Carolyn Chard, Executive Director of West Australian Opera (who also serves on AMPAG’s board) is another who wants to see a view of the arts evolve that embeds it firmly within community.

“What we do know is that the arts are a crucial part of our everyday world. We know that we need the live performing arts, not just the online arts. Part of the magic of live performance is the shared experience with others and we need to find our way back to theatres and galleries and museums and libraries.”

She says that while her company tries to navigate both the pandemic and new National Performing Arts Partnership Framework, what best serves sector needs in terms of national advocacy is yet to be seen.

Elizabeth Hill-Cooper, Victorian Opera’s CEO, also believes that a shared advocacy approach is the way of the future, and that it must reflect a “unified voice reflective of our sector”. She says “This will be especially important in the years to come as the arts slowly recover from the wake of this pandemic and its complex impacts.”

“Our company maintains strong ties across our sector with fellow arts organisations and workers. We are in regular dialogue, offer support where needed, and speak in unison on relevant issues.”

Yarmila Alfonzetti, State Opera South Australia’s Executive Director, holds a rather different point of view. What is fundamental for her is recognising diversity of needs. She says the winding up of AMPAG is “an unsurprising reflection of our times” and is not convinced that the arts have experienced much success in group advocacy over the last ten years.
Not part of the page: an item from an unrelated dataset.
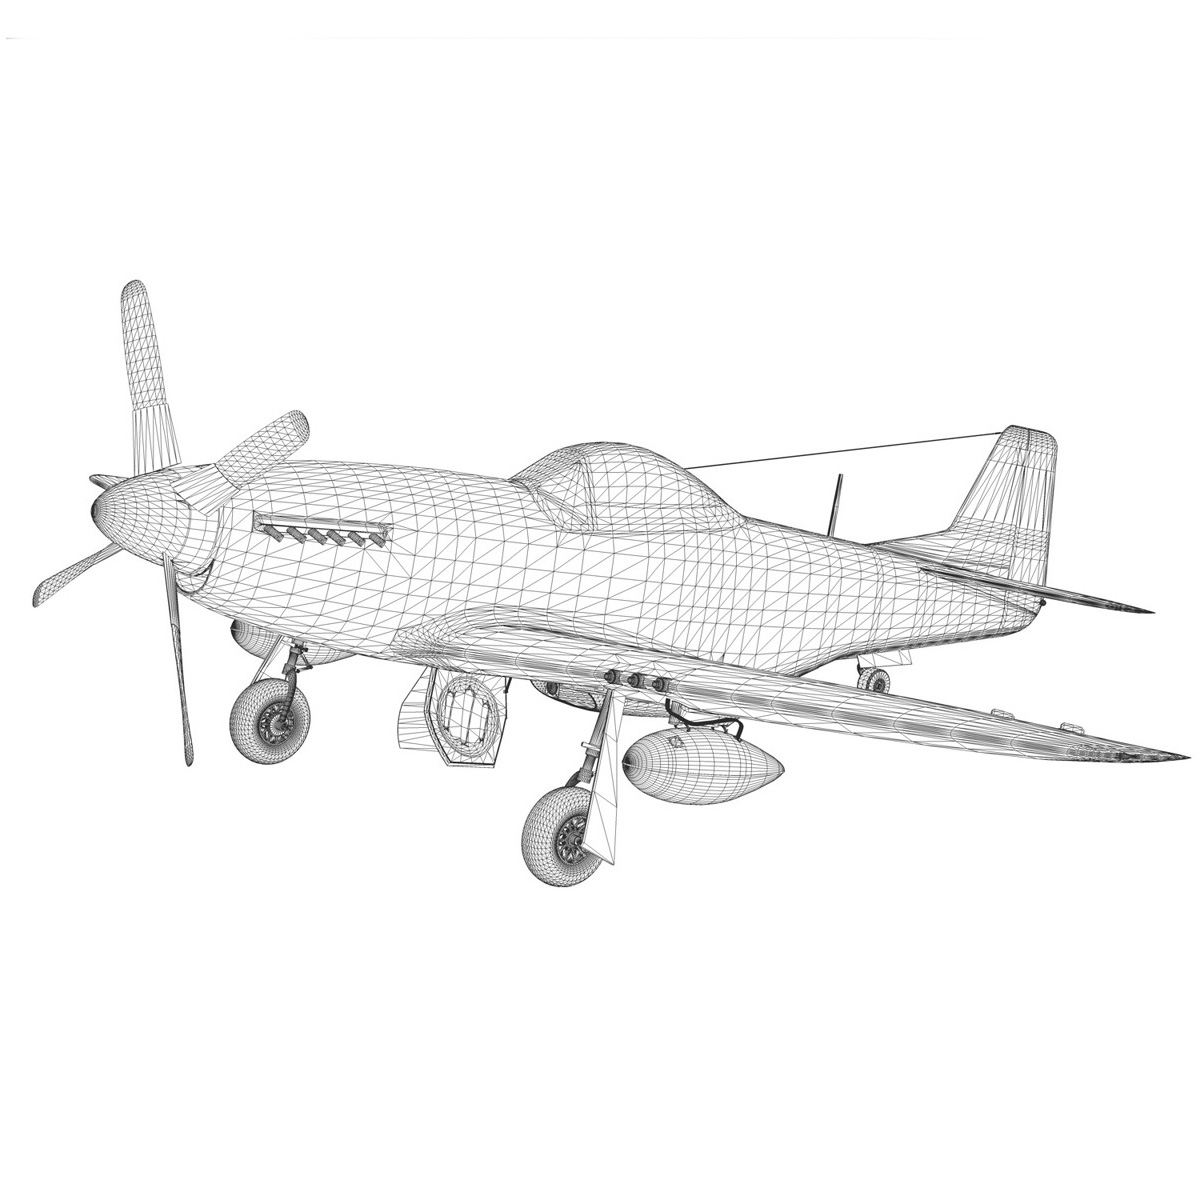 north american p-51d mustang – stinky 3d model fbx c4d lwo obj 269614

“My perception of what has happened over time is that each of the major performing arts companies is desperately trying to differentiate themselves. And they should! Here at State Opera one of our key values is distinctiveness – we talk about this all the time and we cherish this value. We want to be different and special – and we are! So we don’t necessarily need cookie-cutter advocacy any longer. We need something bespoke and relevant.”

“So, there might be an opportunity for arts companies to find smaller sub-sets, not just art form groupings but rather a conscious collective of like-minded organisations, and source advocacy opportunities and political champions throughout the year for different reasons.”

Those reasons could be any, but she points out as an example how a group of companies that tours performances may need specifically directed advocacy regarding borders and visas.

Alfonzetti says that organisations such as LPA and SSI are already beginning this work.

“But I would be interested if a new player – company or individual – came onto the scene. I hope someone smart with influence takes advantage of this new world we are all in,” she adds.